What inspired you to write this piece?
This piece began as being part of a sequence of sonnets about repressed sexual trauma. I chose the sonnet form because I felt it was a very obvious formal style with a firm body of limits, and also because the sonnet has a very public history of being reused and repurposed. Unfortunately, I think a lot of young people, when they’re abused, are encouraged by their abusers to not speak about their attacks, or to think of their attack as consensual. In my case, it was only later in college, through writing, that I was able to confront what had happened to me and how I had been manipulated. I found that rewriting the story in a formal scheme, with the awareness of the manipulation taking place was a way to reclaim those memories for myself and to turn it into something precise.

Is there a city or place, real or imagined, that influences your writing?
I grew up in central Minnesota, which I think has served as an inspiration for a lot of my writing, albeit maybe one I don’t consider consciously. Minnesota is wonderful because there are a lot of lush, vegetated, forested areas, as well as a lot of sparse, open plains. I think the combination of the two, alongside the cold weather and drastic transformations that the landscape undergoes, really inspire me. It’s something I aim to capture when I’m working on a piece.

Do you have any rituals or traditions that you do in order to write?
It’s tough. I’ve always found I don’t need any specific setup to write. I mainly just try to make sure the writing itself never feels a chore. Right now, I have a corporate job, so I get a lot of my best writing done on my lunch break. However, in college, I would always get my best work done in the mornings before class. I think the best thing I do for myself is to figure out the schedule I have for a given period of time and carve out a way to make writing feel like a break from my regular responsibilities. The only thing I’ll add is that I think it’s just as important to take a break from writing for things that don’t seem to be immediately useful. I think things like watching old movies, playing video games, or even taking time to fall down a Wikipedia research hole into something completely useless are just as useful as taking time out to work.

Who typically gets the first read of your work?
I’m very fortunate in that some of my favorite poets are also my colleagues, so I send a lot of work to my friend, Max Seifert, who is currently studying at the University of Austin-Texas. Otherwise, I tend to share it with my partner, Nina, who is a great visual artist, and my brother, Jeff, who is a wonderful writer. A lot of my work tends to be about sexual trauma and so I end up usually handling it privately for a long time before I show it to anyone.

If you could work in another art form what would it be?
As much as I love poetry, I also have a short history of working with theatre as a playwright.
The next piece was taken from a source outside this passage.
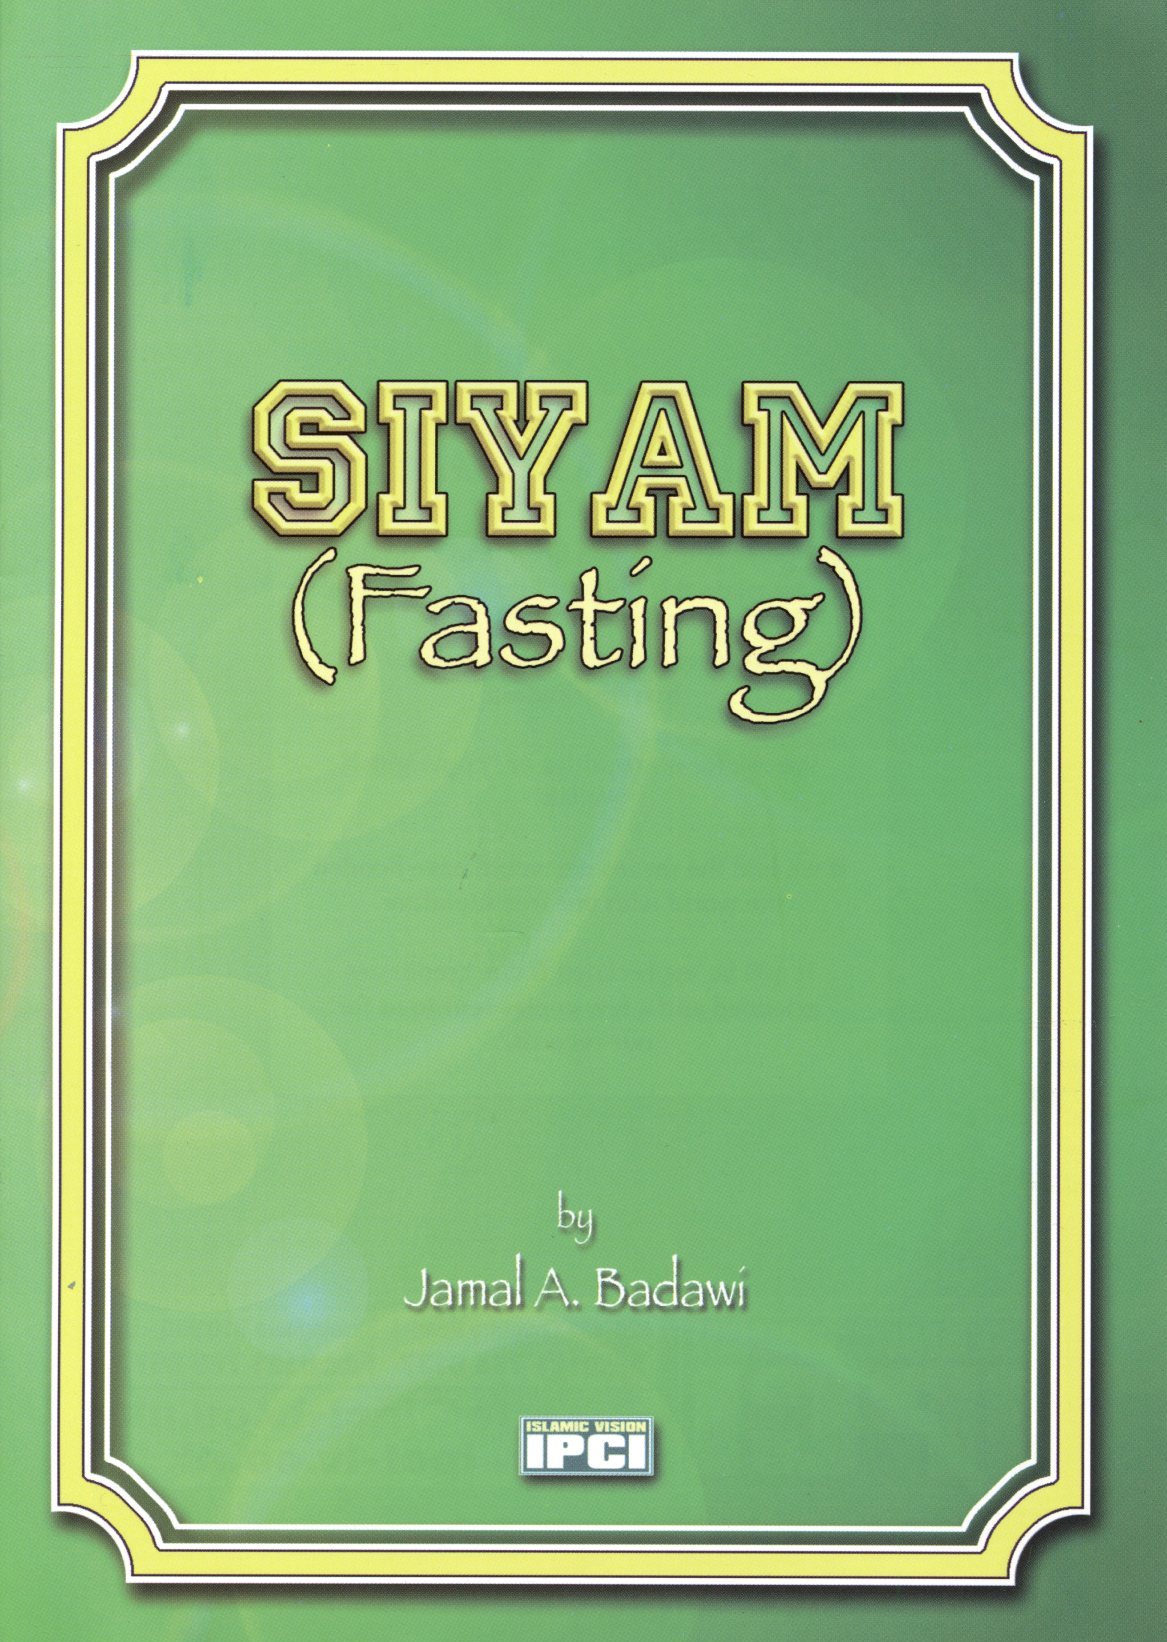 SIYAM (Fasting)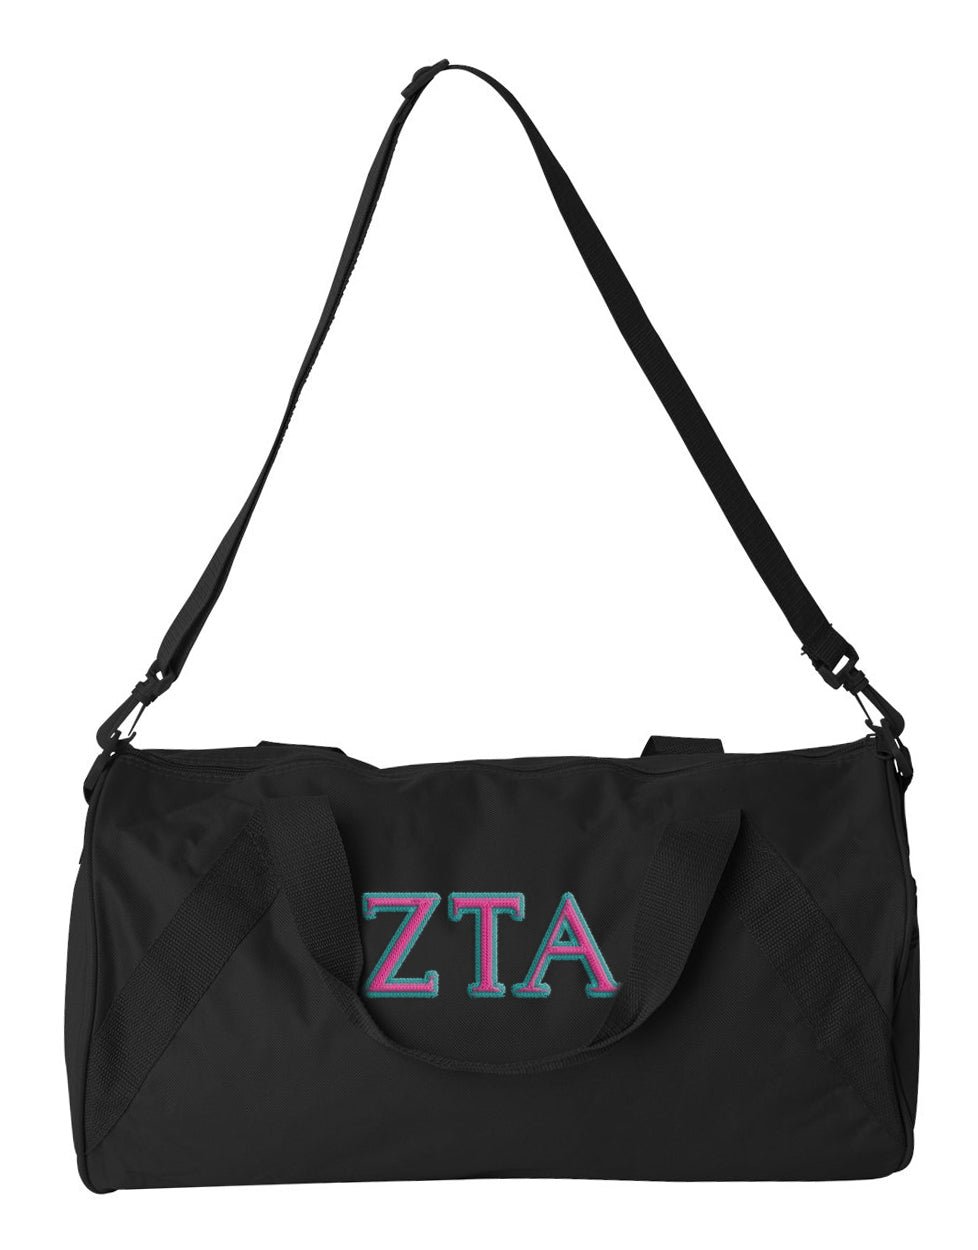 Zeta Tau Alpha Embroidered Duffel Bag

It’s something I put a lot of energy into in college and that I’d like to revisit in future years. Poems and plays have different advantages and disadvantages and one thing I miss about theatre is the ability to give a physical embodiment and presence to the words on the page. It’s something I miss a lot from college and would love to experiment more with in the future.

What are you working on currently?
For a while now, I’ve been working on a chapbook focusing almost exclusively on sexual trauma and emotional recovery. However, in terms of new work, I’m currently working on some translations of Frederico Garcia Lorca’s stage directions as well as some prose poems about the Apollo 11 moon landing.

David Freeman is a poet, playwright, and essayist from Long Lake, MN. His work has appeared or is forthcoming in Kenyon Review Onine, Prairie Schooner, Sinking City Literary Magazine, and Honey Bee Reivew.